2. Scope and Applicability


The DPA applies to Processing of Client Personal Data by Worky to provide the Services.

The subject matter, nature, and purpose of the Processing, the types of Client Personal Data and categories of Data Subjects are set out in Appendix I and the Agreement.

Client is a Controller and appoints Worky as a Processor on behalf of Client. Client is responsible for compliance with the requirements of Data Protection Laws applicable to Controllers.


To the extent Client is a Processor on behalf of a Third-Party Controller, Client engages Worky as a Sub-processor to Process Client Personal Data on behalf of that Third-Party Controller. When Client is acting on behalf of Third-Party Controller(s), then Client: (i) is the single point of contact for Worky; (ii) must obtain all necessary authorizations from such Third-Party Controller(s); (iii) undertakes to issue all instructions and exercise all rights on behalf of such Third-Party Controller(s); and (iv) is responsible for compliance with the requirements of Data Protection Laws applicable to Processors.


Client acknowledges that Worky may Process Personal Data relating to the operation, support, or use of the Services for its own business purposes, such as billing, account management, data analysis, benchmarking, technical support, and product development. Worky is the Controller for such Processing and will Process such data in accordance with Data Protection Laws


3. Duration of this DPA


This DPA is effective for as long as Worky Processes Client Personal Data on behalf of Client.


4. Collecting, Processing and Subprocessing of Client Personal Data


Client Data Collection and Processing


Client will comply with its obligations under the Data Protection Laws in respect of its collecting and processing of Client Personal Data and any processing instructions it issues to Worky. Client represents that it has all rights, consents, and authorizations necessary for Worky to process Client Personal Data pursuant to Data Protection Laws and the Agreement.

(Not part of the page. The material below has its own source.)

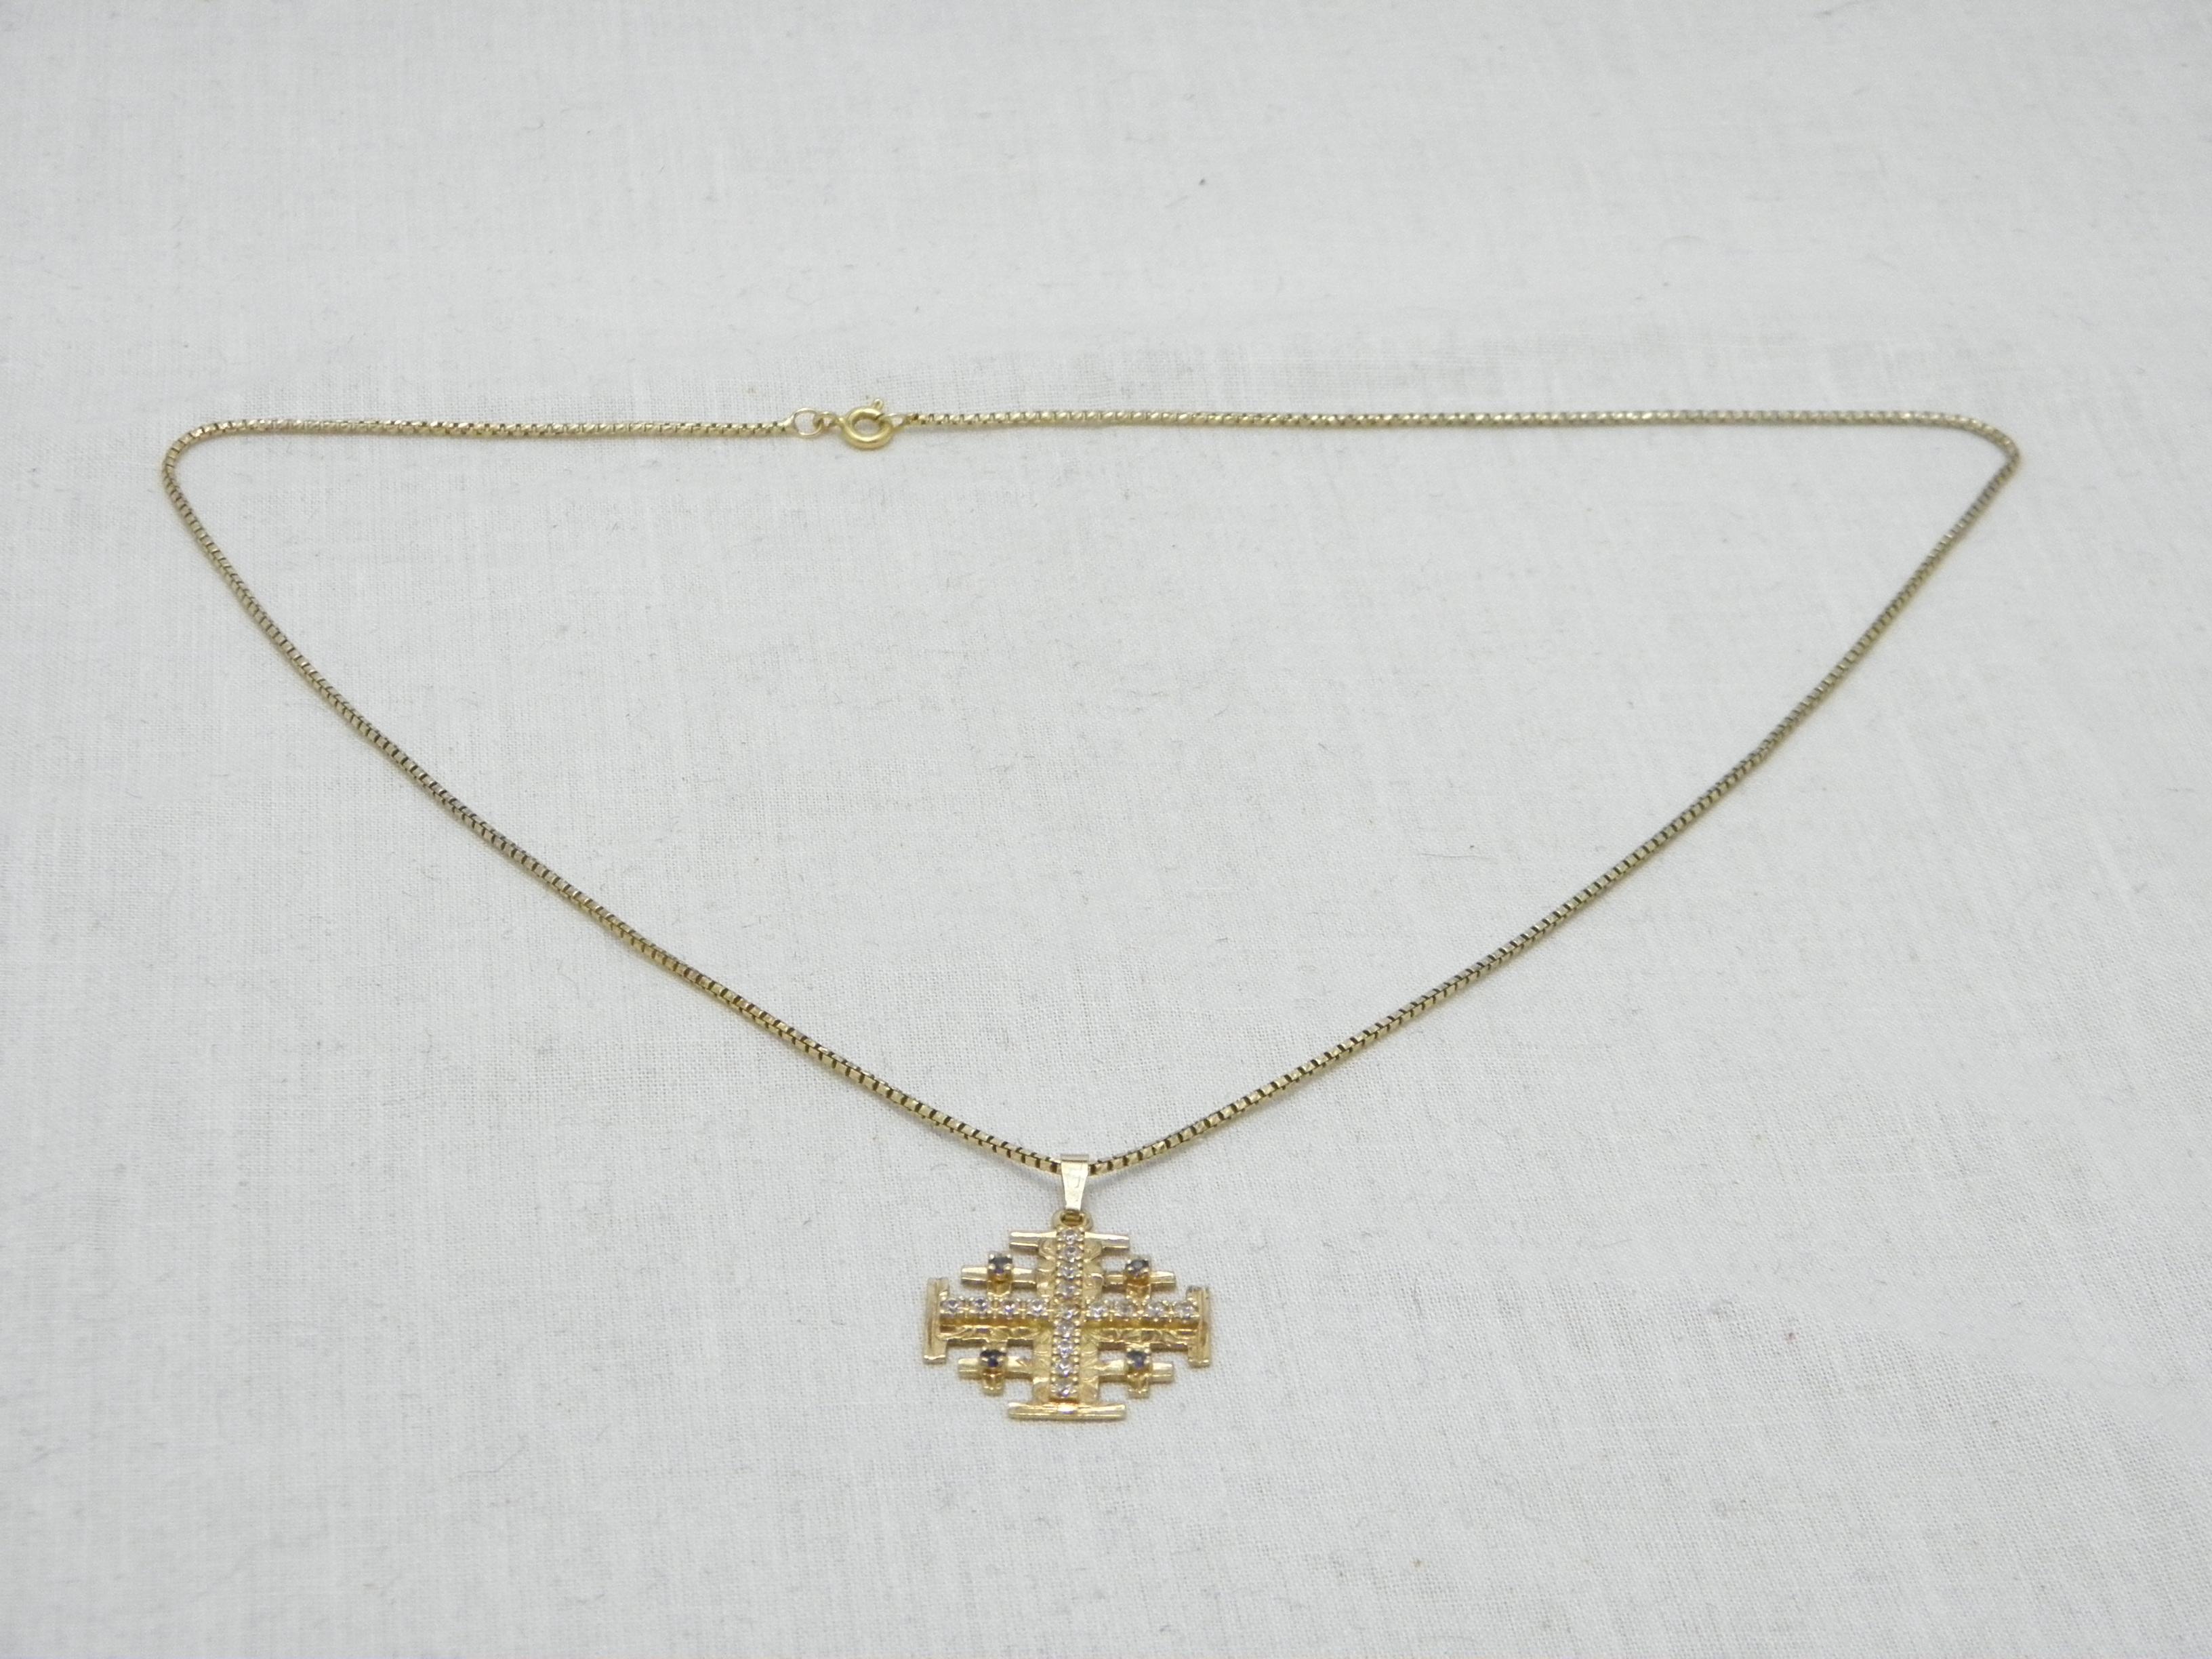 Vintage 14ct Gold Heavy Jerusalem Cross Pendant Necklace Box Chain 585 19 Inch In Good Condition For Sale In Camelford, GB
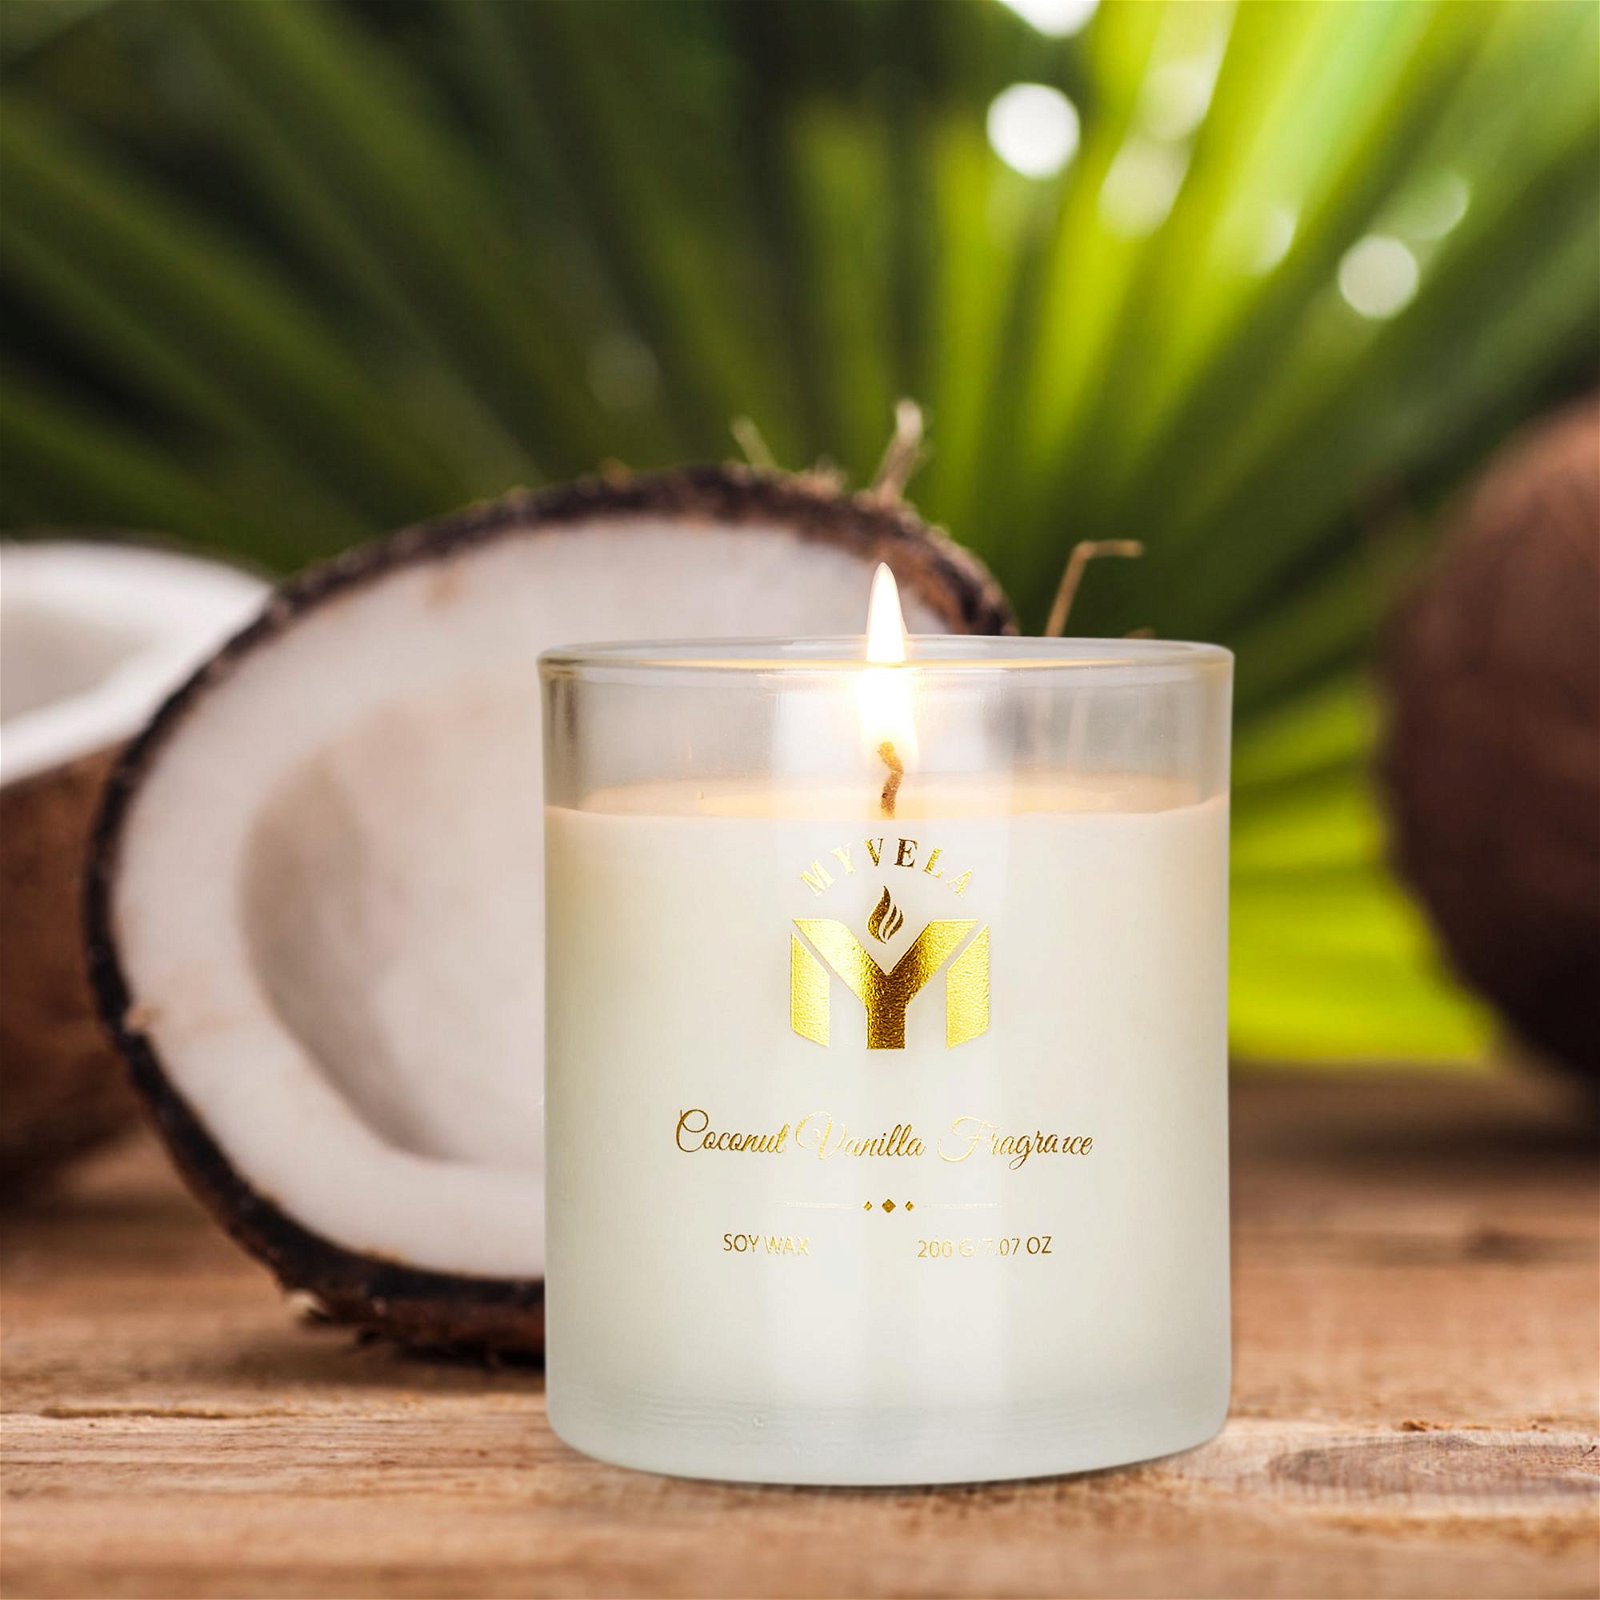 Scented Candle Coconut Vanilla  Fragrance  7.07 Oz Soy Wax 40 Hours Long L 5

Client authorizes Worky, in providing the Services, to Process Client Personal Data in accordance with applicable laws.


Upon notice in writing to Client, Worky may terminate the Agreement if Worky has determined, or has reason to believe, that Client is not in compliance with Data Protection Laws as a Controller or Processor.


Worky Data Processing


Worky will comply with its obligations as a Processor under applicable Data Protection Laws and will process Client Personal Data to provide Services and in accordance with Client’s documented instructions. Client’s instructions are documented in this DPA and the Agreement. Client agrees that this DPA is its complete and final agreement with Worky in relation to the Processing or sub-processing of Client Personal Data.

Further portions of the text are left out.